The peoples whom the Lord promised to punish, because they were merely circumcised in the flesh if they were circumcised at all, are of Abraham either biologically or by long association. It would therefore logically follow that Pharaoh and all of Egypt had sufficient knowledge of the Lord that Egypt was without excuse for worshiping the creature, the creation, rather than the Creator (Rom 1:18–20), and if Egypt was without excuse for its idolatry, then the hardening that came upon Pharaoh so that the Lord would devastate Egypt was more justified than Paul realized when he wrote,

I am speaking the truth in Christ—I am not lying; my conscience bears me witness in the Holy Spirit—that I have great sorrow and unceasing anguish in my heart. For I could wish that I myself were accursed and cut off from Christ for the sake of my brothers, my kinsmen according to the flesh. They are Israelites, and to them belong the adoption, the glory, the covenants, the giving of the law, the worship, and the promises. To them belong the patriarchs, and from their race, according to the flesh, is the Christ who is God over all, blessed forever. Amen. But it is not as though the word of God has failed. For not all who are descended from Israel belong to Israel, and not all are children of Abraham because they are his offspring, but "Through Isaac shall your offspring be named." This means that it is not the children of the flesh who are the children of God, but the children of the promise are counted as offspring. For this is what the promise said: "About this time next year I will return, and Sarah shall have a son." And not only so, but also when Rebekah had conceived children by one man, our forefather Isaac, though they were not yet born and had done nothing either good or bad—in order that God's purpose of election might continue, not because of works but because of him who calls—she was told, "The older will serve the younger." As it is written, "Jacob I loved, but Esau I hated." What shall we say then? Is there injustice on God's part? By no means! For He says to Moses, "I will have mercy on whom I have mercy, and I will have compassion on whom I have compassion." So then it depends not on human will or exertion, but on God, who has mercy. For the Scripture says to Pharaoh, "For this very purpose I have raised you up, that I might show my power in you, and that my name might be proclaimed in all the earth." So then He has mercy on whomever He wills, and He hardens whomever He wills. (Rom 9:1–18 emphasis added)
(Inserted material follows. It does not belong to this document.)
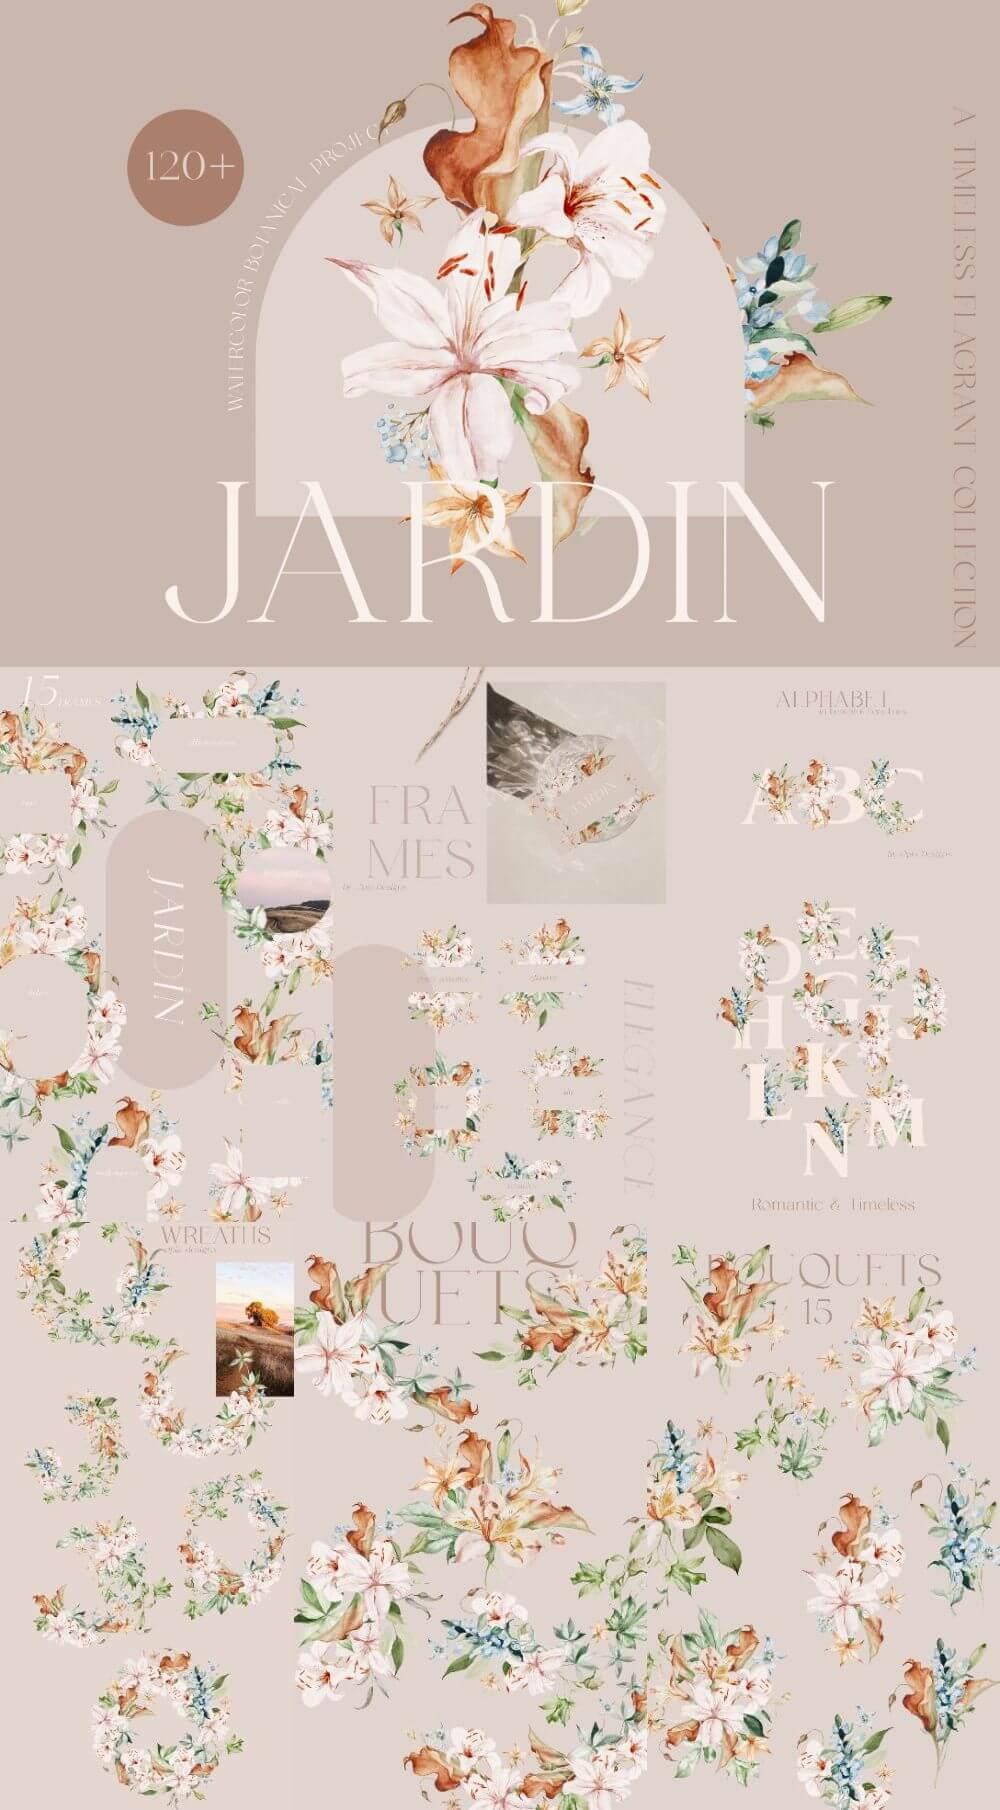 Jardin – Watercolor Botanicals

God would be a respecter of persons if He prevented one person from repenting but permitted another person to repent; so while what Paul wrote is true, some of what Paul understood doesn’t come across in the transcription and translation of his words … in order for Pharaoh to serve as a type of the Adversary, the present prince of this world, with natural Israel [circumcised-in-the-flesh Israel] being a type of spiritual Israel [circumcised-of-heart Israel], the human heart in Pharaoh had to be hardened so that it would be as bitter and unbelieving as is the heart [heart being a euphemism for inner self] of the Adversary. But the Lord would not have hardened Pharaoh’s heart if Pharaoh had an excuse for his unbelief.

Abraham’s witness to Pharaoh wasn’t a particularly good one, but what the Lord did in afflicting Pharaoh and his house (Gen 12:17) was a strong witness to Pharaoh that should not have needed to be repeated generation after generation.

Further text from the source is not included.